JillGat, PandaBear77 Ok, OK I said I’m DOING EET! LOL

Ok, I’ll get back to the rest of you later when I have a bit more time! I’ll also let you know if my RNP can meet this week, and what she puts me on.

I’ve been on Zoloft (50mg) for the better part of the past decade. I feel absolutely no qualms with being on the medication. The way I see it is that the medicine doesn’t make my inner problems any less real; rather it allows me to see myself and my problems for what they are-rather than see them draped in the wholly insurmountable, overwhelming sadness that would prevent me from doing anything.

Clockwork Jackal, there’s really nothing to forgive for needing medication. It’s not a weakness or character flaw. You didn’t* ask* for this.

The reason people don’t give out names of those suffering from mental illness is because there’s still a stigma involved. There shouldn’t be, but there is. Even so, it’s a stupid stigma that you shouldn’t let bother you. Depression is a very real condition.

Yes, I know.
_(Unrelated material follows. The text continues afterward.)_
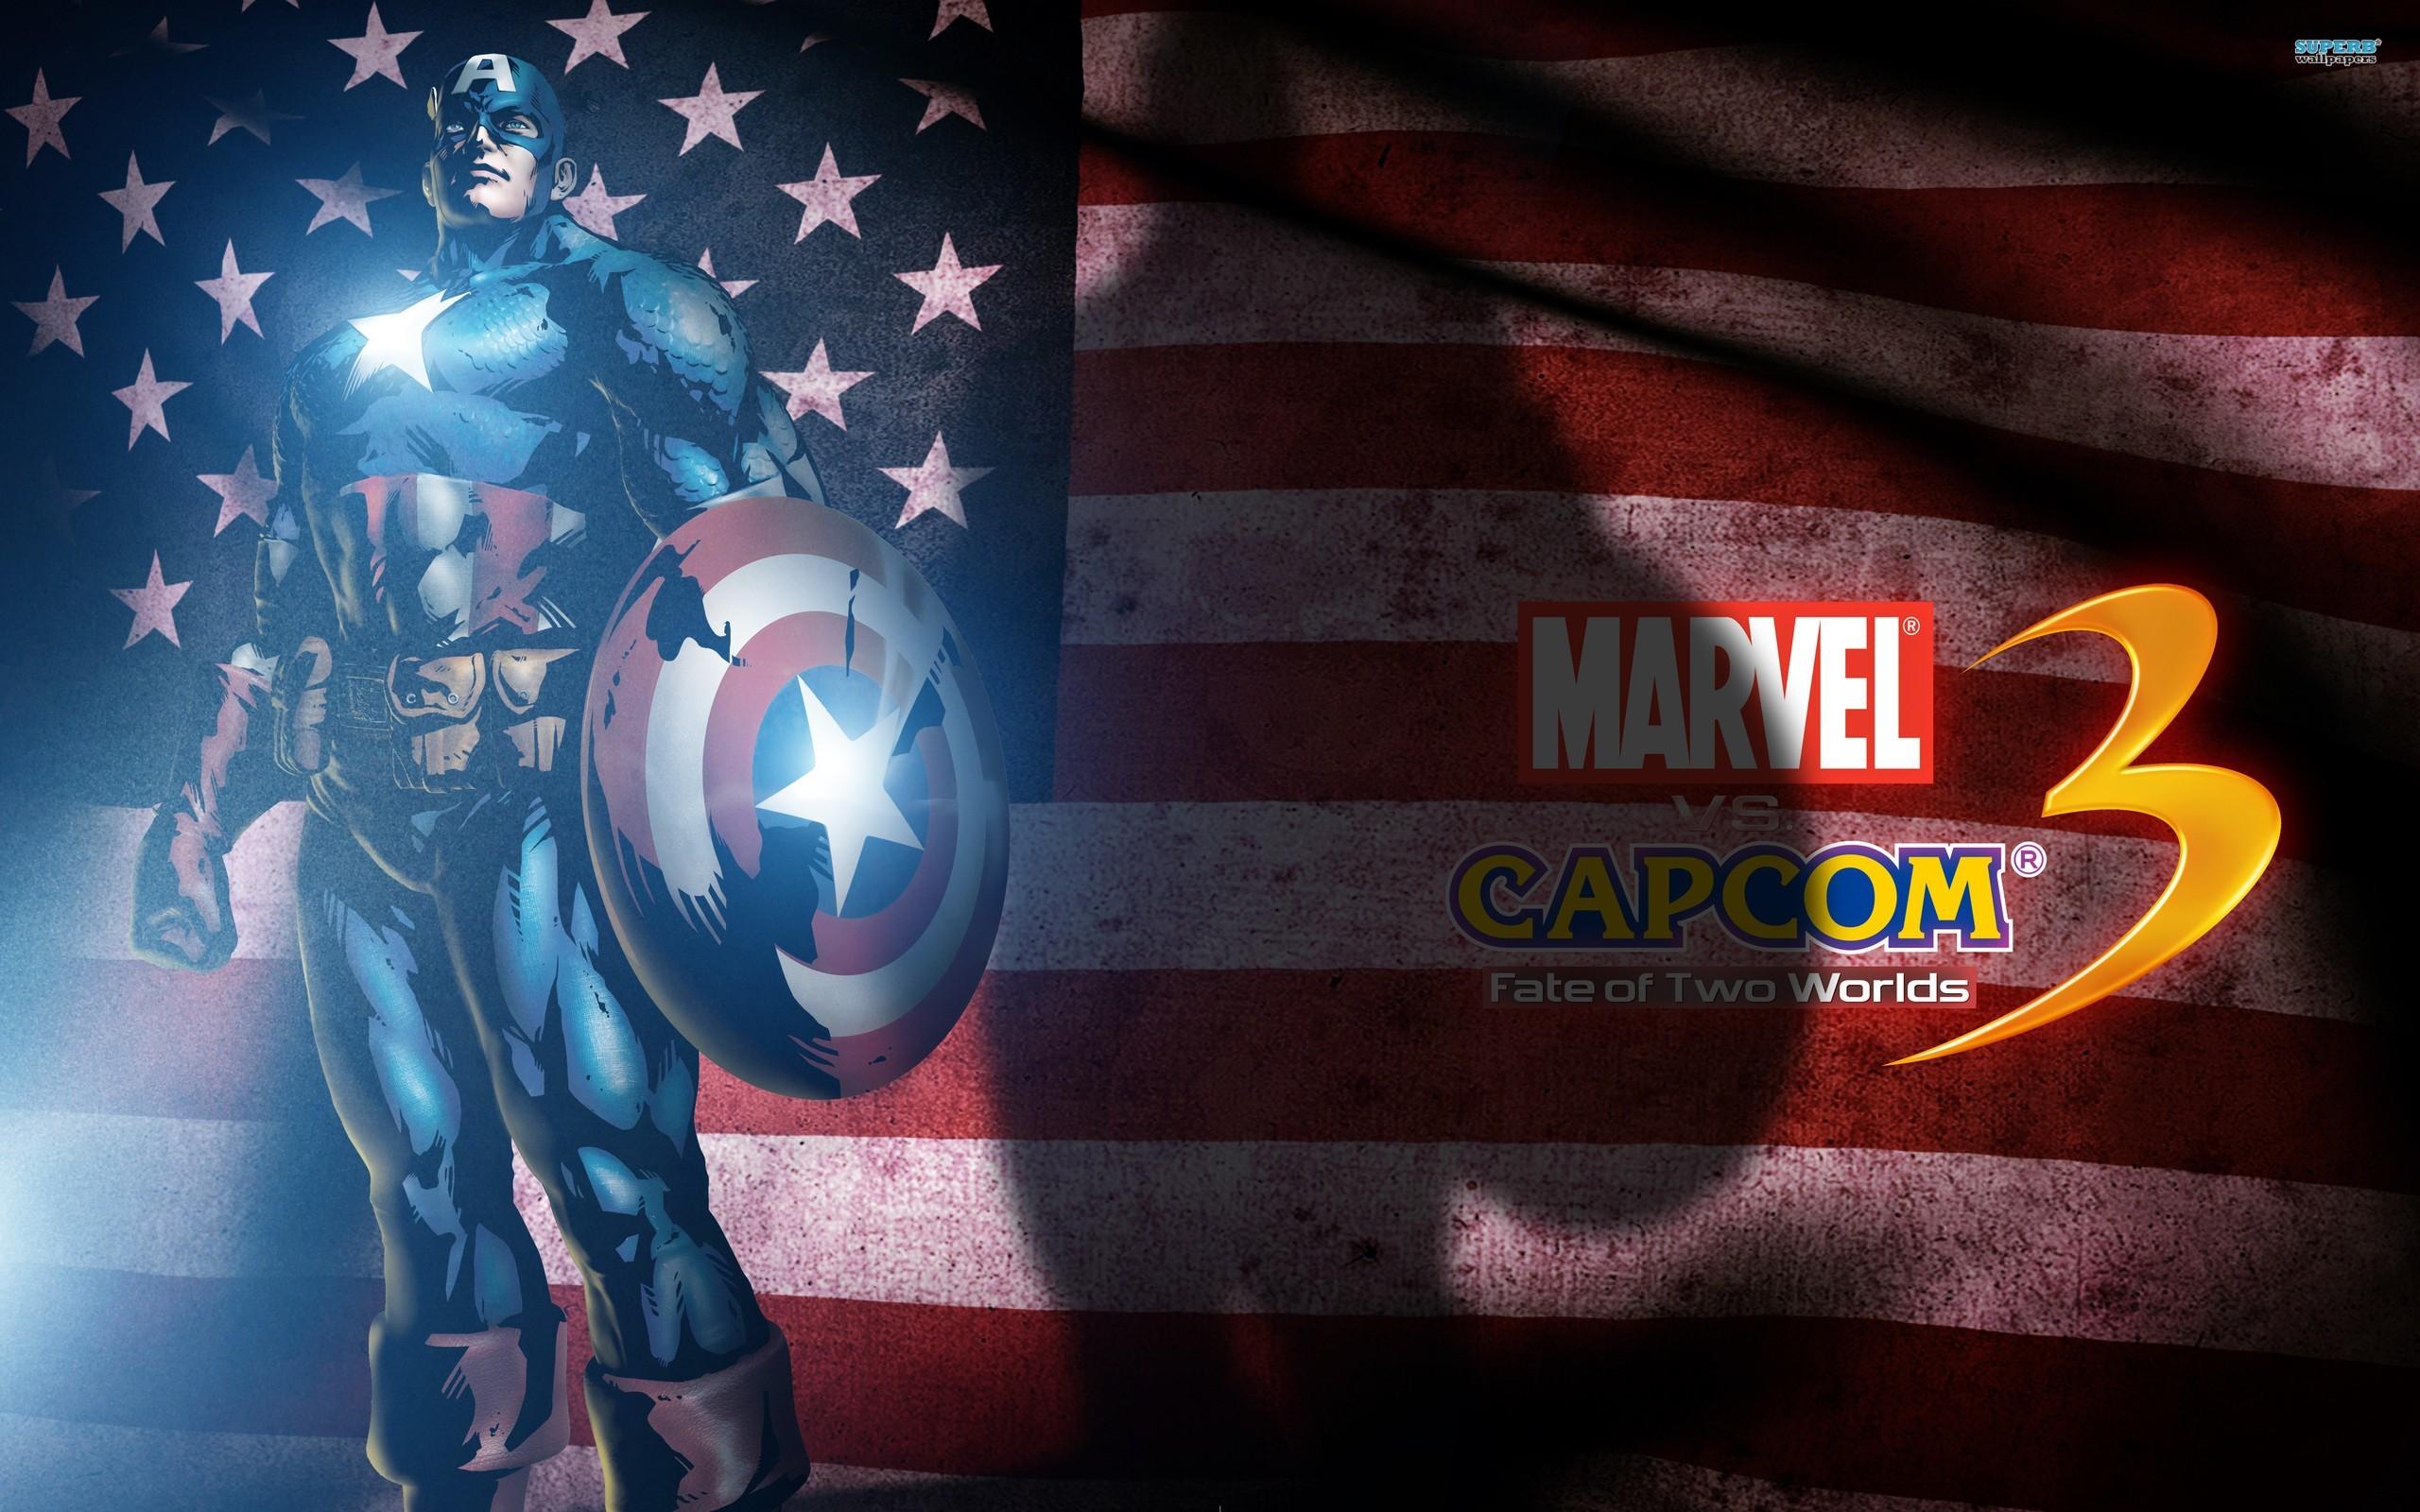 Marvel Comics, Hd Wallpaper, Chris Evans, Robert Downey Jr., The Winter

My reproductive endocrinologist is aware that I’m on Prozac as well and it was fine for IVF. They basically said that being pregnant and depressed is a lot worse then being pregnant and on a lower dose of Prozac and happy. Especially with all those hormones. Better of two evils, I guess! :slight_smile:

To be fair, depression isn’t always endogenous. If someone were to ask me why I’m dysthymic, I would be lying if I told them it is just a chemical thing. It’s not. Is that being ashamed or just wanting to keep private things private? It’s probably both. Either way, I don’t see myself changing any time soon and I’m fine with this.

There are some medical issues that are similarly shrouded. I wouldn’t want anyone to know that I have an STD, for instance. I wouldn’t want anyone to know about cognitive deterioration or psychosis, even though there is no mistaking the medical basis for dementia or schizophrenia.
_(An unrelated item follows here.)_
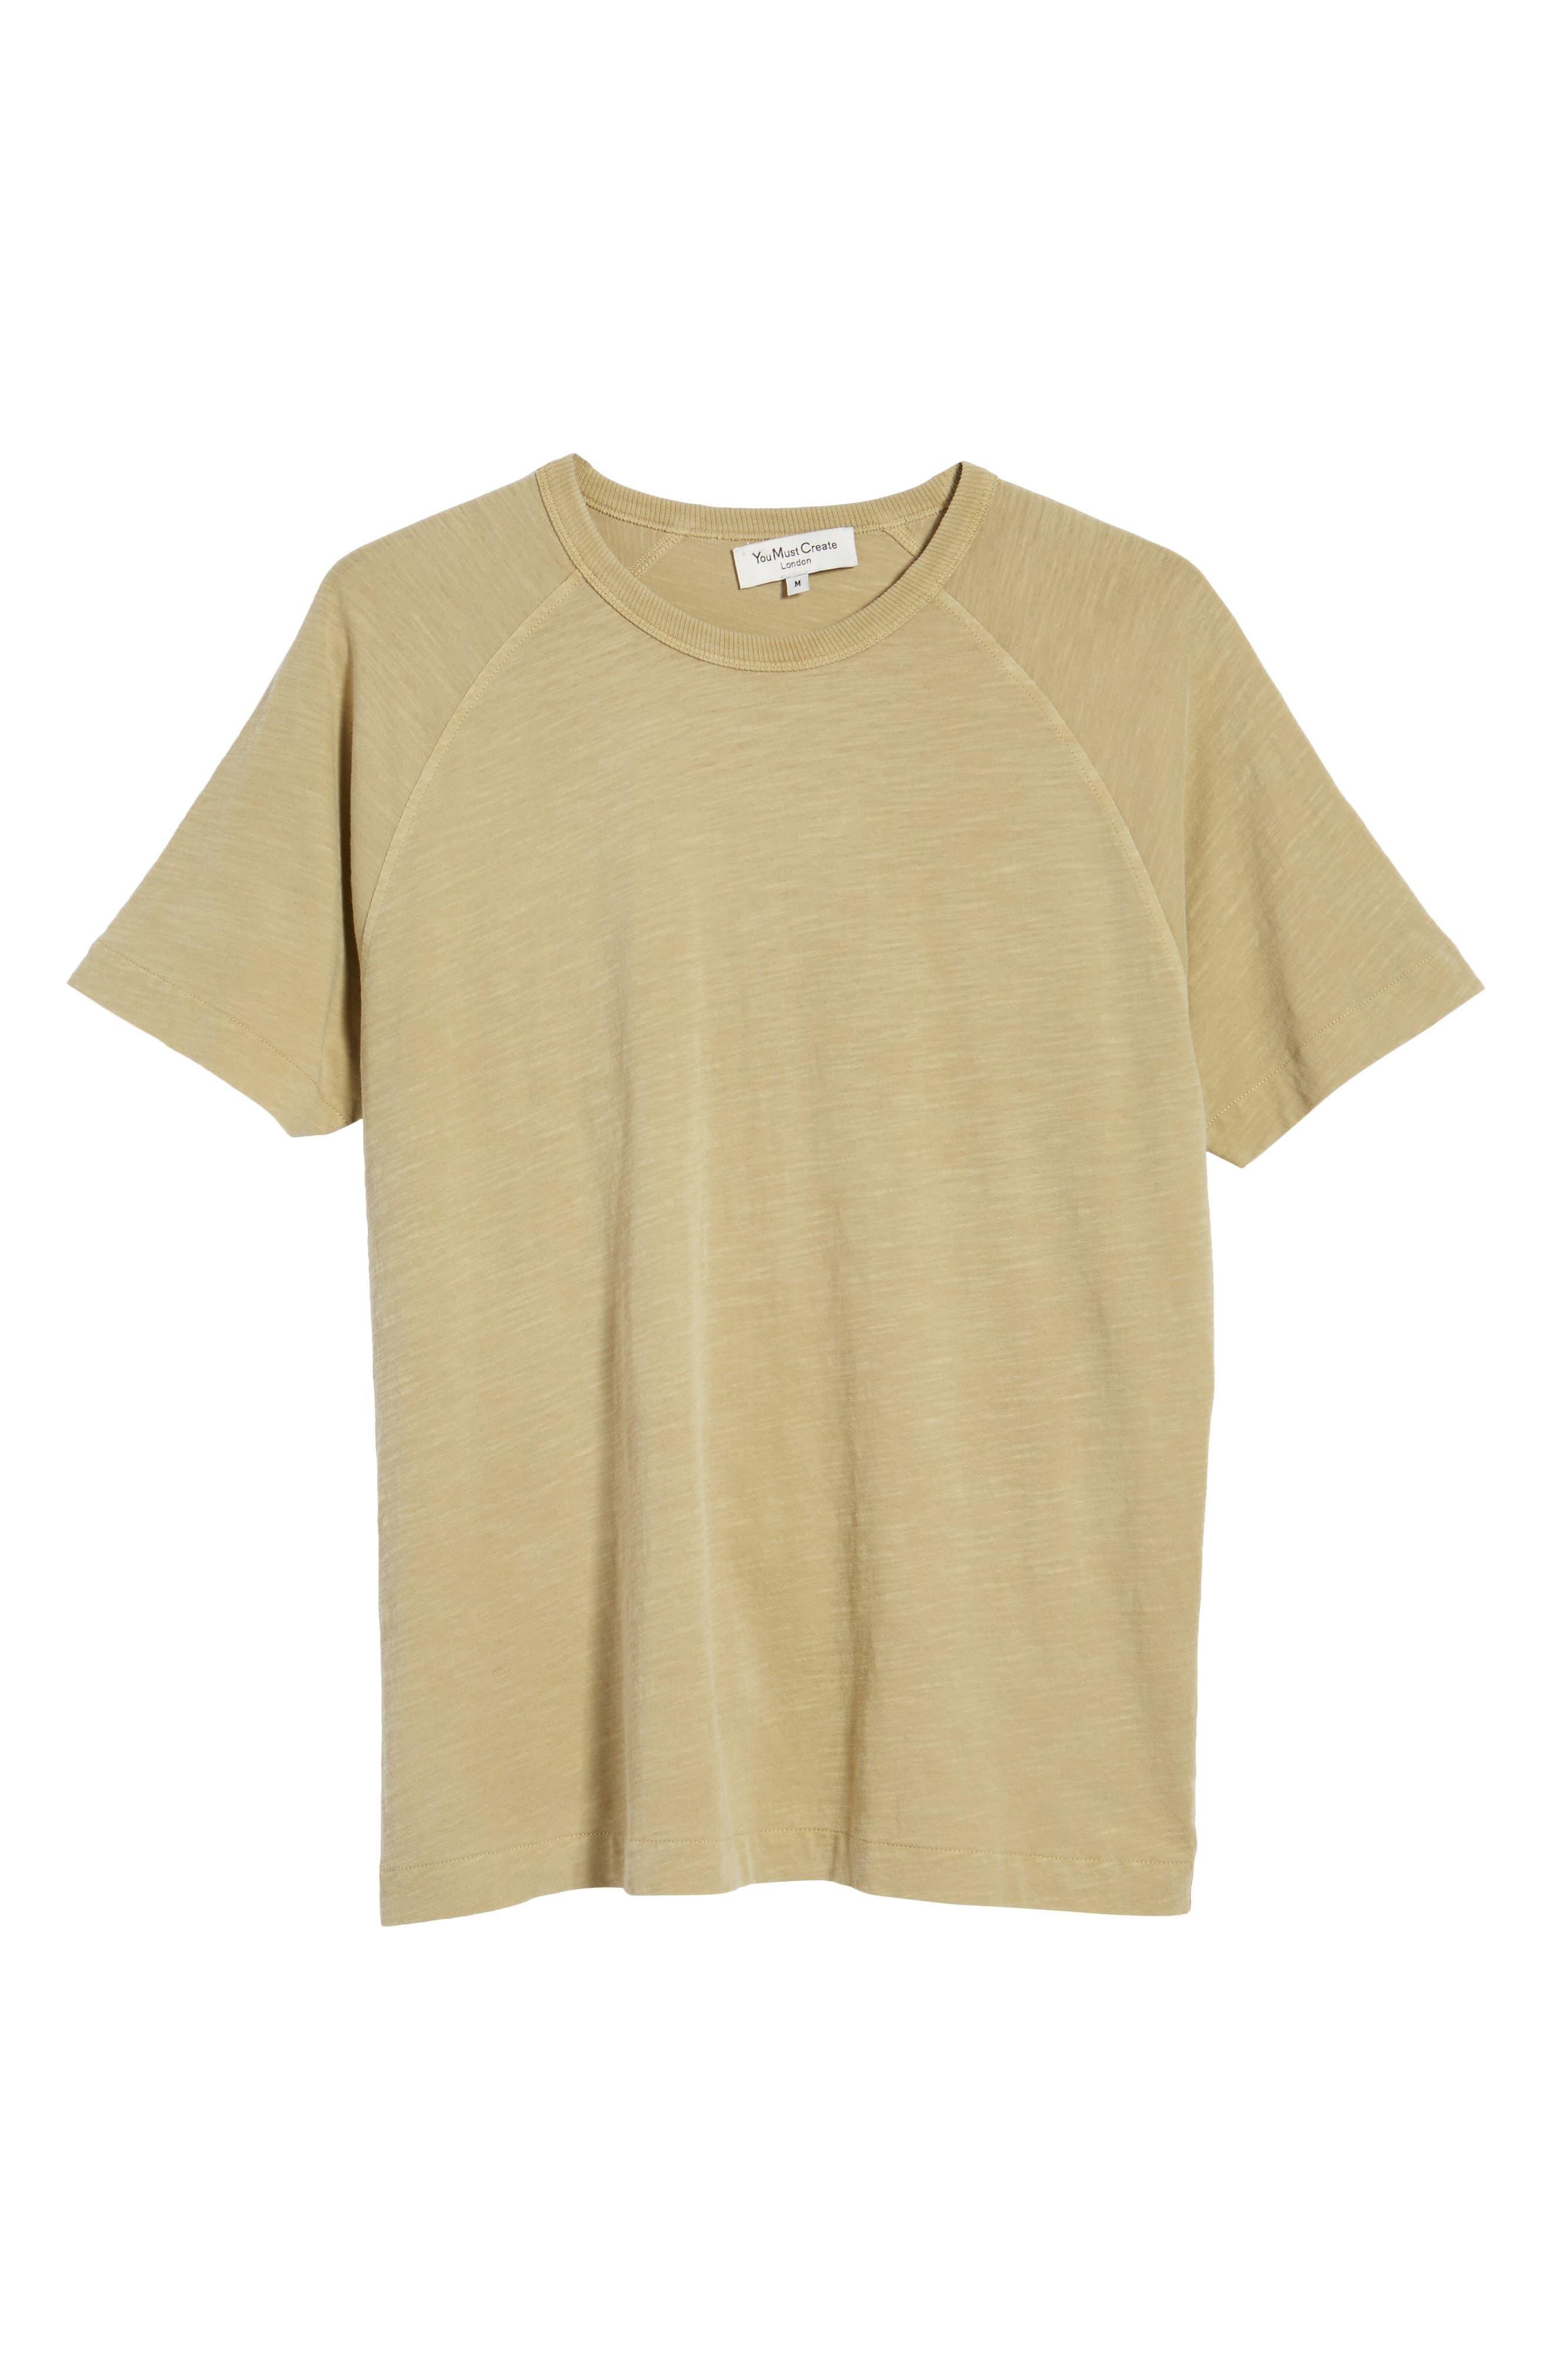 YMC,                             Television Raglan T-Shirt,                             Alternate thumbnail 6, color,                             250

Exactly! A lot of people try to give a pregnant woman grief for ingesting any kind of medicine, but that ignores the fact that there are real costs to going untreated.

I was fairly anti-meds for a long time, but eventually decided to give it a shot because my anxiety just wasn’t going away. I ended up taking lexapro for a while, and I was surprised that it legitimately seemed to help. Side effects were minimal for me.
But I’m still surprised by the number of people who start taking meds without engaging in CBT… IMO, ya need both!